Knight, the former chief of staff for Senator Orrin Hatch when he and Sen. Tom Harkin introduced DSHEA back in 1994, said that when DSHEA originally passed, there was great enthusiasm supporting the legislation from both the public and lawmakers. Today, however, there isn’t an overwhelming public grassroots effort driving change for supplements, and lawmakers are juggling other, non-supplement priorities that might supersede concerns about overhauling DSHEA. Also, she said, unlike when DSHEA was passed and strongly supported by industry, “now, industry doesn’t always speak with one voice.”

Due to these reasons, she said, her organization, UNPA, “is skeptical of the ability of Congress, at this point in time, to look at a large DSHEA 2.0 bill.”

Amending DSHEA “is a big project,” Dutton said. “It’s almost like eating an elephant one bite at a time—but it might be too big, in the current climate, to make any kind of overhaul at this point.”

Dutton said that perhaps the focus should be on smaller changes, one at a time, as opposed to one large DSHEA overhaul. “Sometimes, smaller is better than larger,” he said. “The big authorizing bills are difficult to move…” For instance, he said, “the appropriations process would be one potential avenue to move either the bill in its totality—or pieces of it that are extracted that would be more narrow and just smaller in its scope.” Lawmakers would also likely be more interested in certain aspects, such as addressing bad actors, he said.

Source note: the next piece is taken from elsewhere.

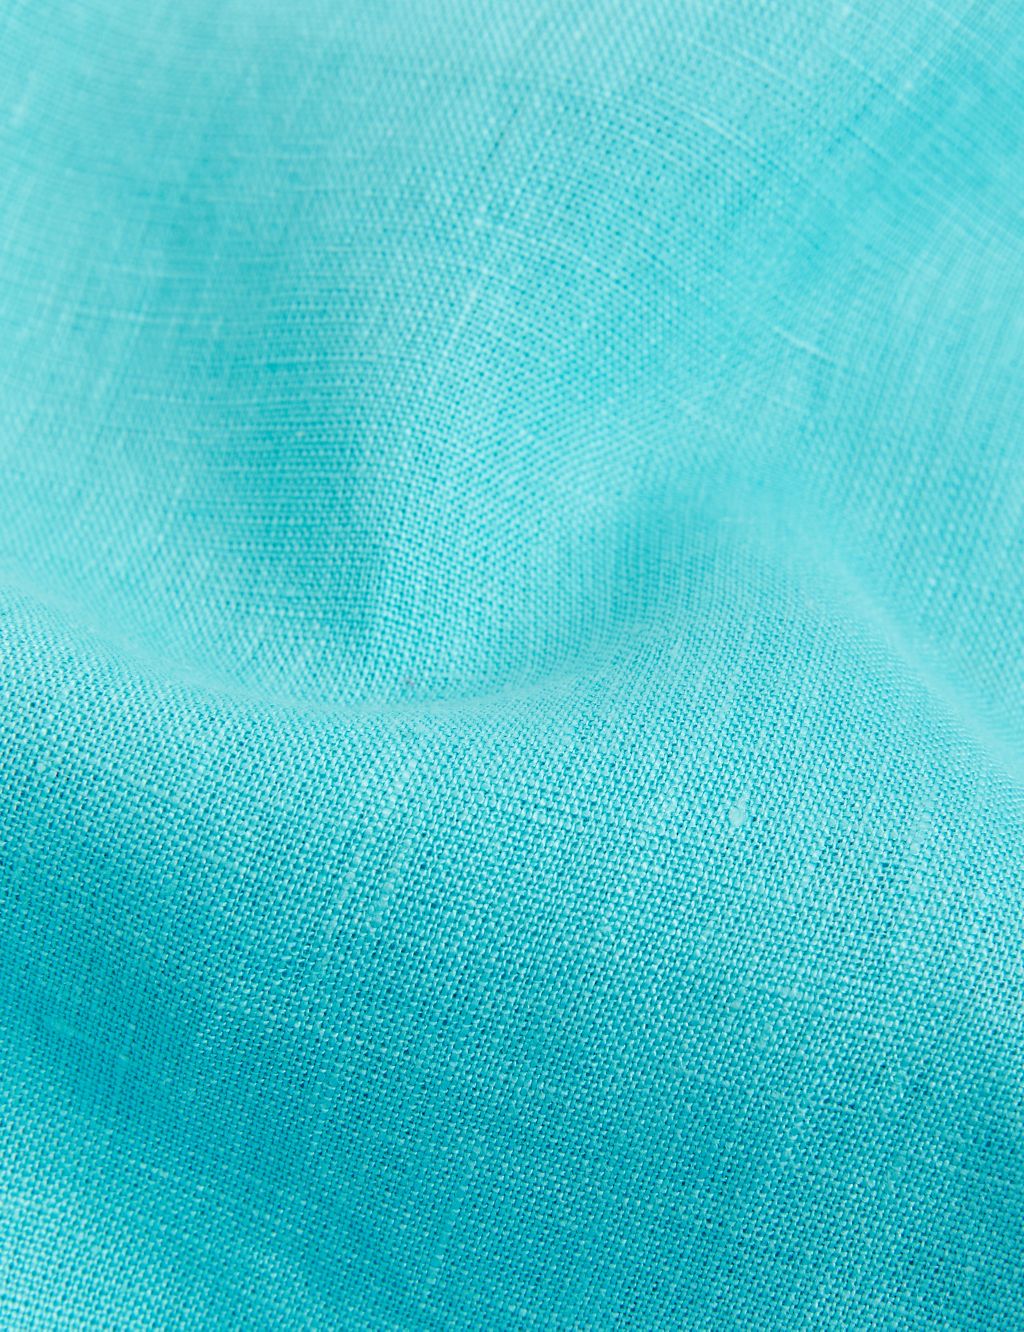 Pure Linen Lace Insert Vest Top image 5

There’s also no escaping CBD. While a big DSHEA overhaul might not be on lawmakers’ radars, the issue of legalizing hemp CBD in supplements and food certainly is. To this day, FDA has not carved out a legal pathway for CBD in food and supplements, and many (not all) would like to see that change, as evidenced by the numerous bills already introduced in Congress, past and present.

In fact, said Dutton, any move to reform supplement regulations are “going to be viewed in a way that’s largely in the context of CBD.” In fact, he believes the topic of CBD will be a very influential force on who ends up supporting revising supplement regulations at all. The issue of CBD could very much hurt, or drive, efforts toward change.

“Now, in isolation, looking at those potential reforms”—such as to the GRAS process—“is very important, obviously," he said. "But, the politics would be very different if it was absent CBD. You add CBD into this and now you’re looking at a situation where every reform that goes forward that could potentially impact CBD, pro or con, will be viewed through a lens that first asks, ‘What is the impact on CBD? Is it pro-CBD or con-CBD?’ And advocates for either side are going to have an instinctive reaction to that.”

He continued: “It could work either way. With this larger bill, the problem is that CBD could define it. And so unless you truly reach a consensus or at least some kind of compromised position on CBD, you’re undermining passage of the bill rather than incentivizing it….[I]f CBD is a resolvable issue within the context of this legislation, it is actually potentially a driver to move it through as well as all the, frankly, lower-profile issues that would be addressed in the bill. But the concept of trading CBD for other non-CBD issues in the bill may not placate the CBD opposition in Congress because the other issues that are being traded are simply of less interest to them. Most members don’t follow this issue set particularly closely.”